### The problem
Please restate each line of the material word for word and omit any pictures.

### Given information
------------------------------------------------------------------------

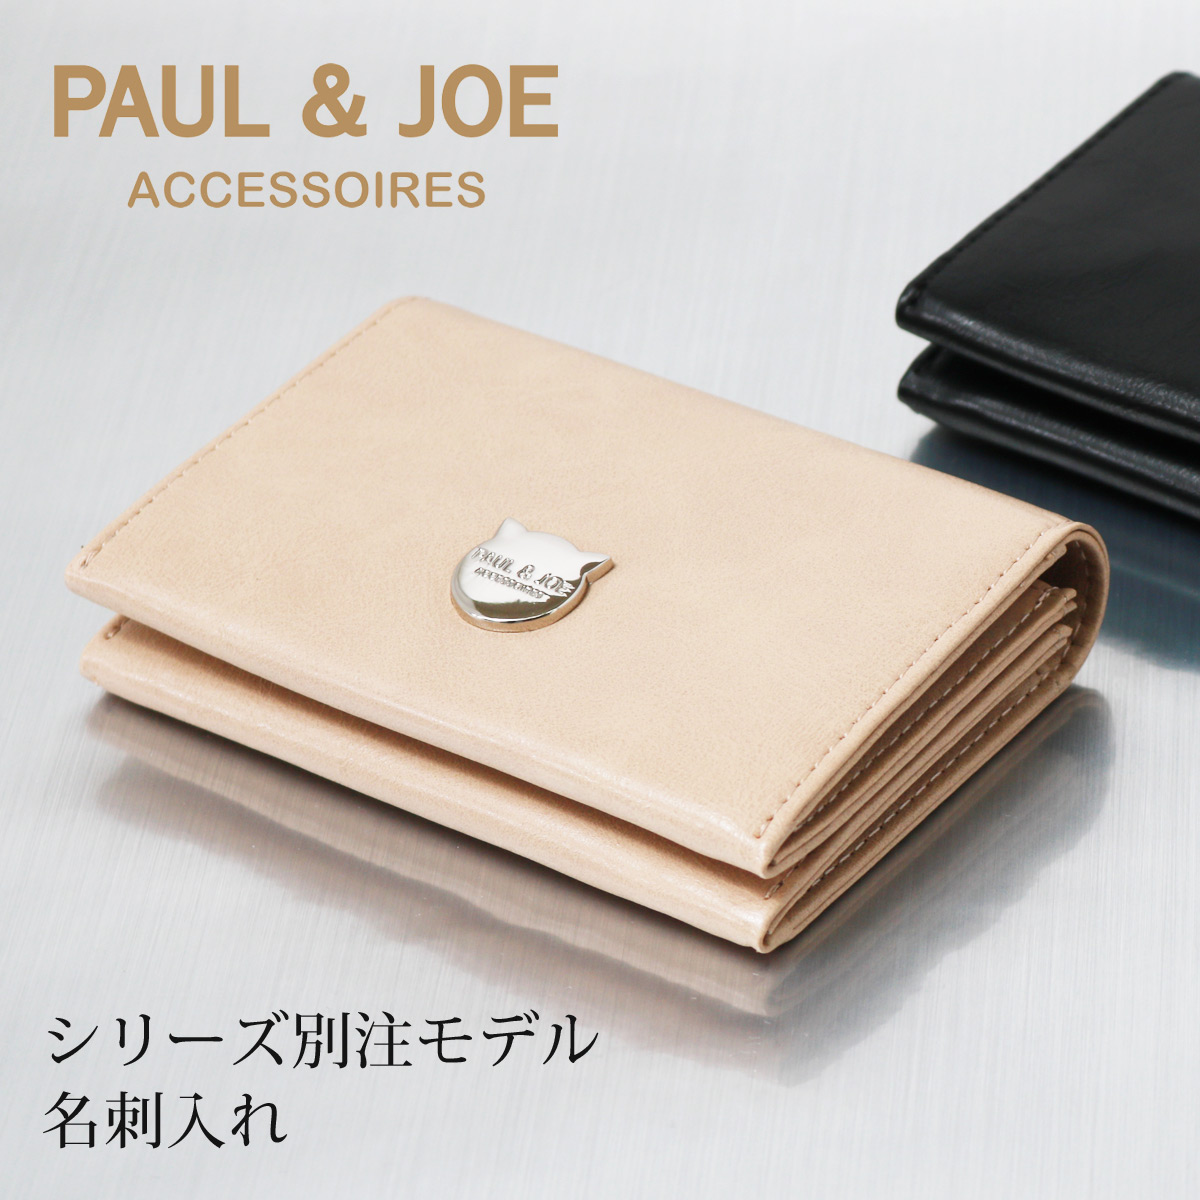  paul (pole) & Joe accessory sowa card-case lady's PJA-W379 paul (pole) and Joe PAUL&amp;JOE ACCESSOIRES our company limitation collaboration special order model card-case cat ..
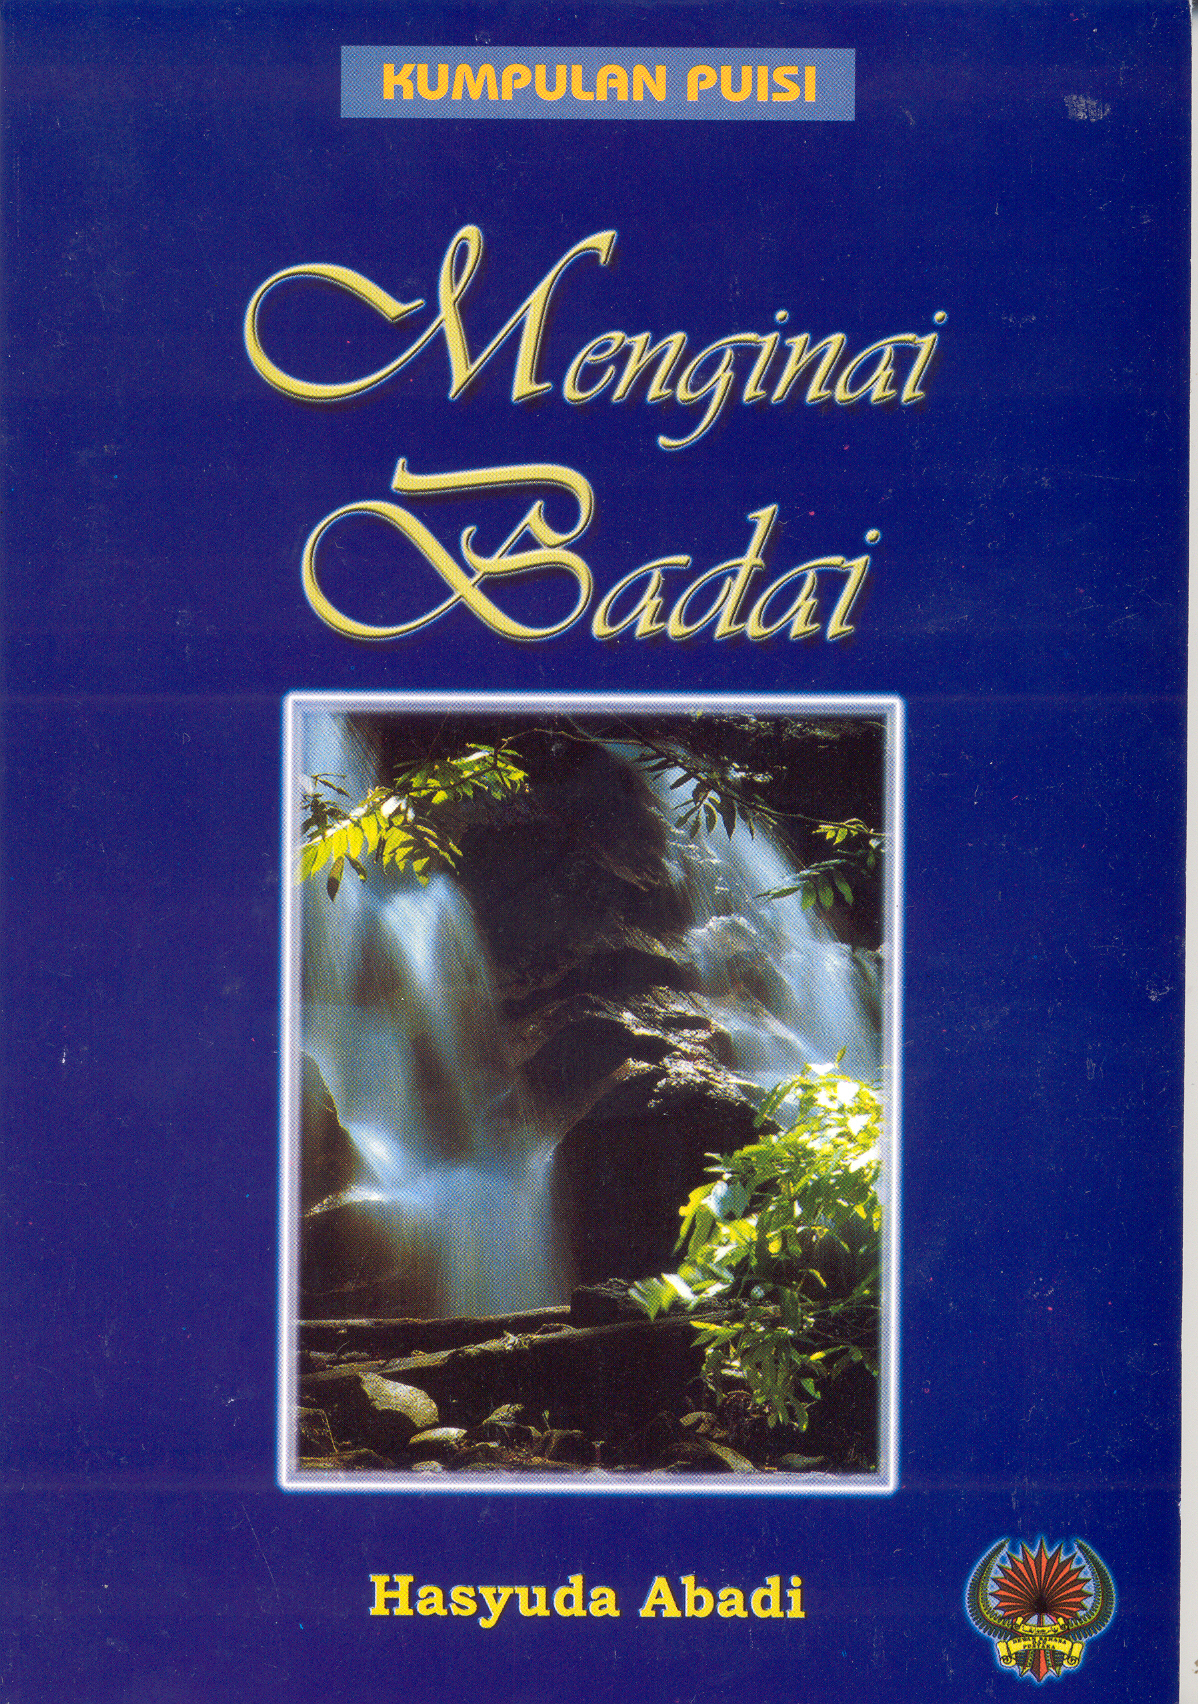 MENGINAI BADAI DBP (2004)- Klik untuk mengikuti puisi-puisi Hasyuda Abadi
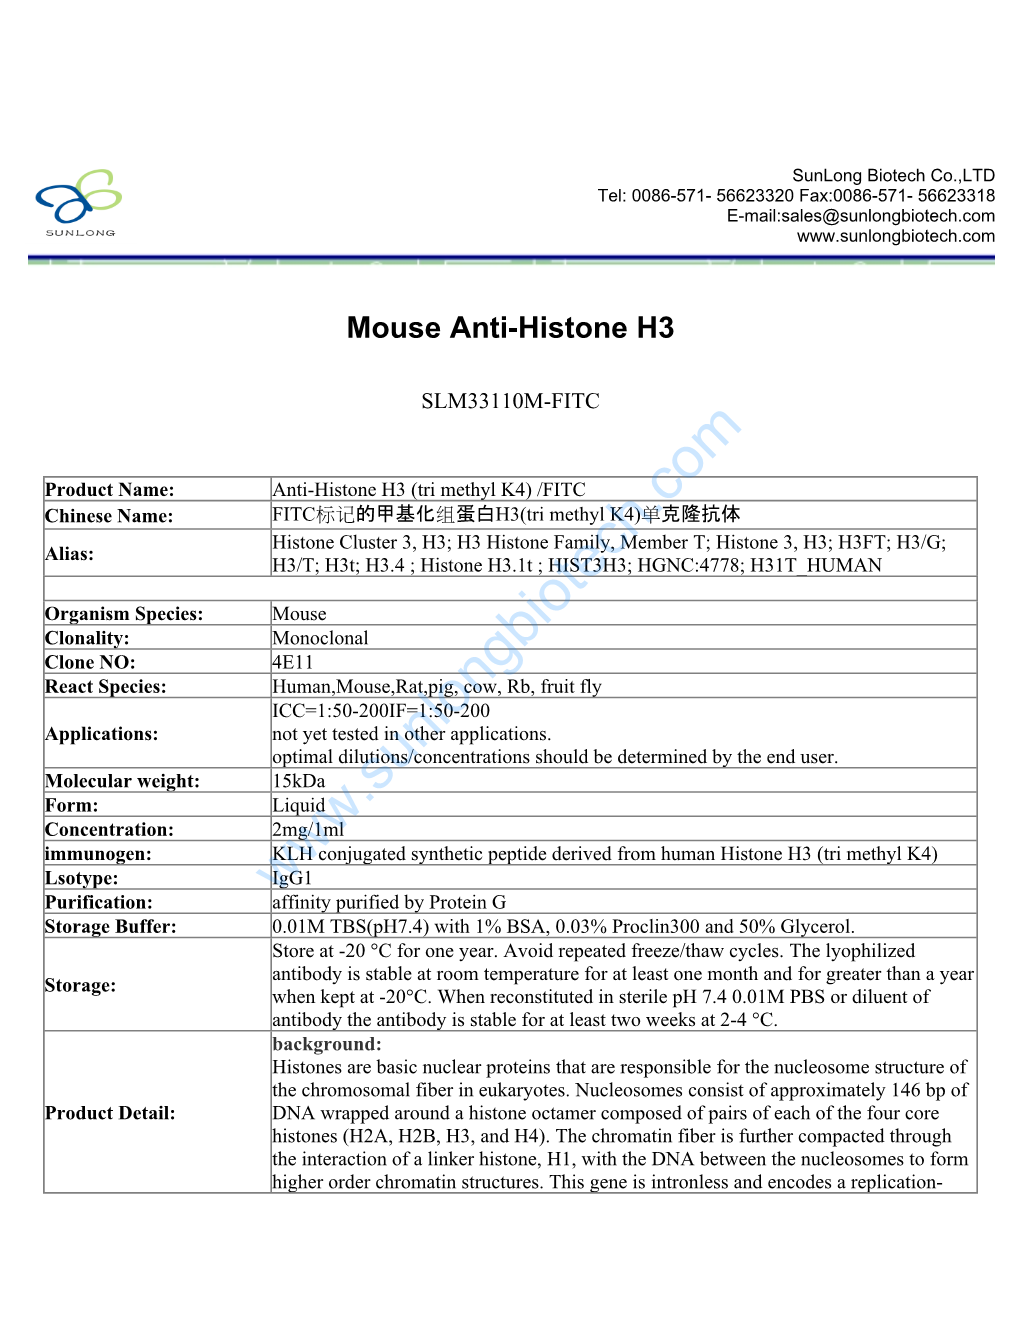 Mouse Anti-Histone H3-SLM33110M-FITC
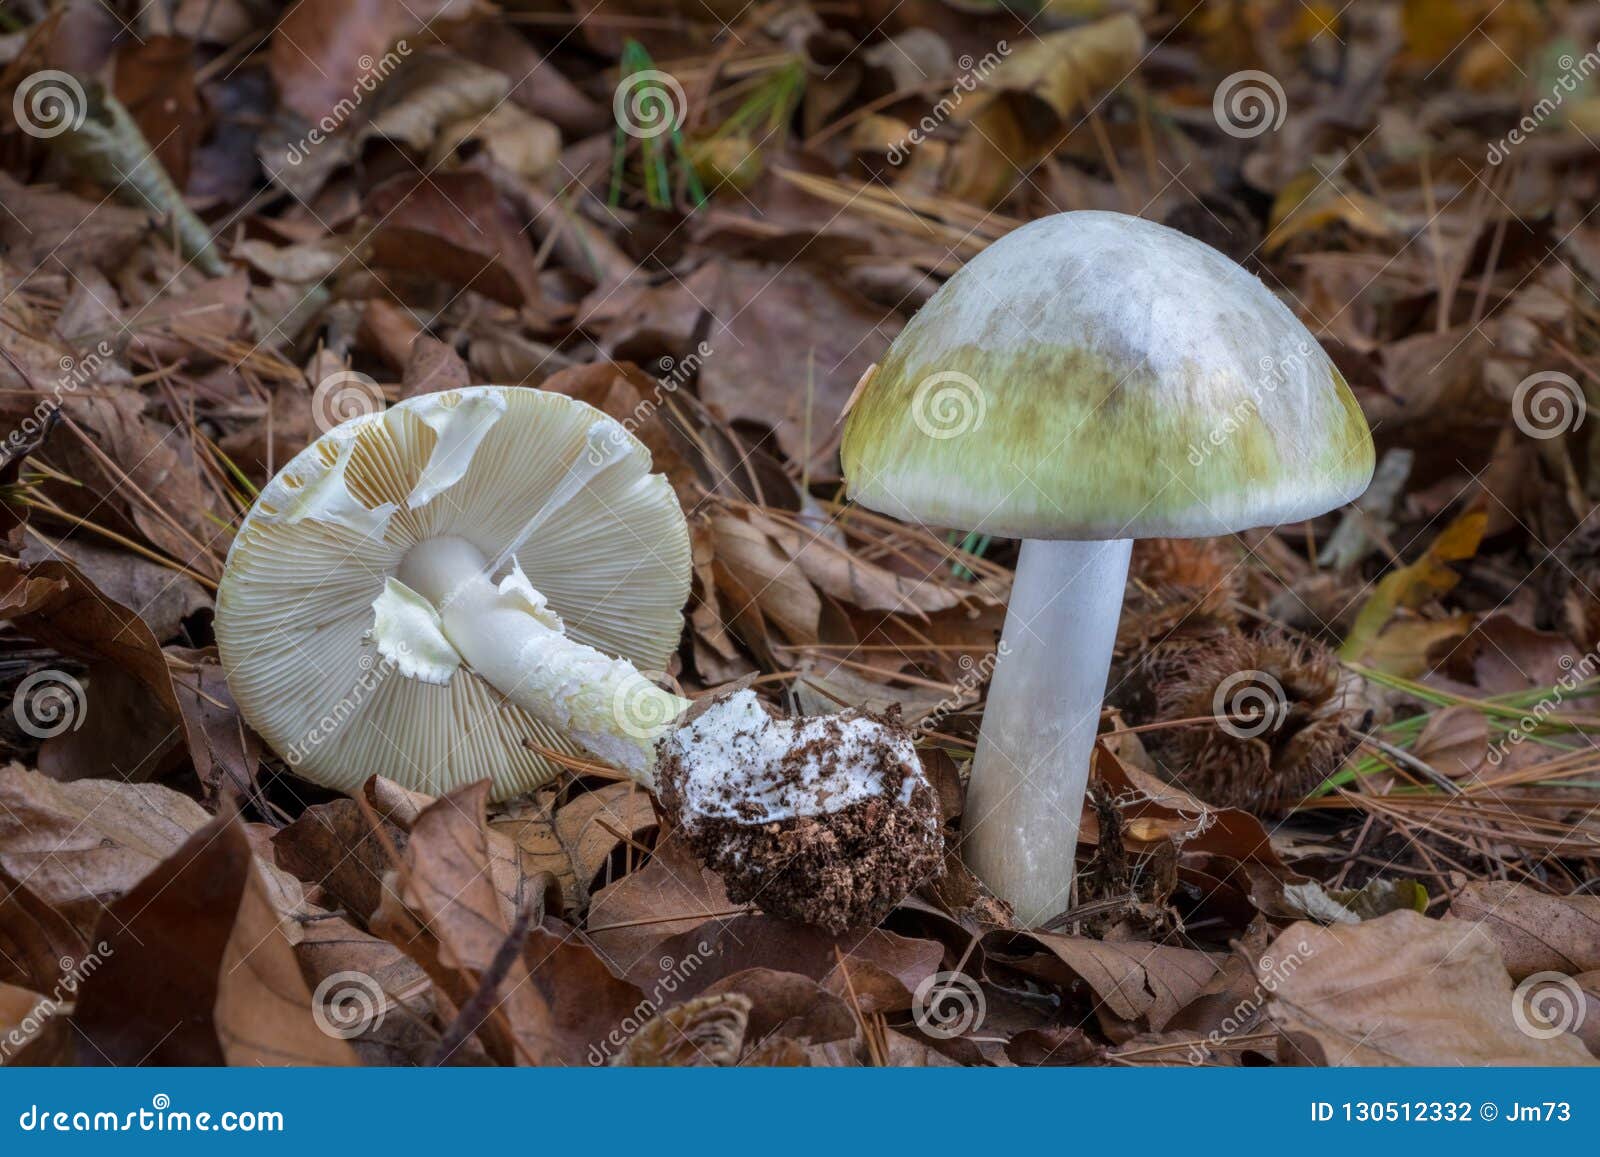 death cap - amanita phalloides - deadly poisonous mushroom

------------------------------------------------------------------------

### Solution to the problem
  paul (pole) & Joe accessory sowa card-case lady's PJA-W379 paul (pole) and Joe PAUL&amp;JOE ACCESSOIRES our company limitation collaboration special order model card-case cat ..
 MENGINAI BADAI DBP (2004)- Klik untuk mengikuti puisi-puisi Hasyuda Abadi
 Mouse Anti-Histone H3-SLM33110M-FITC
 death cap - amanita phalloides - deadly poisonous mushroom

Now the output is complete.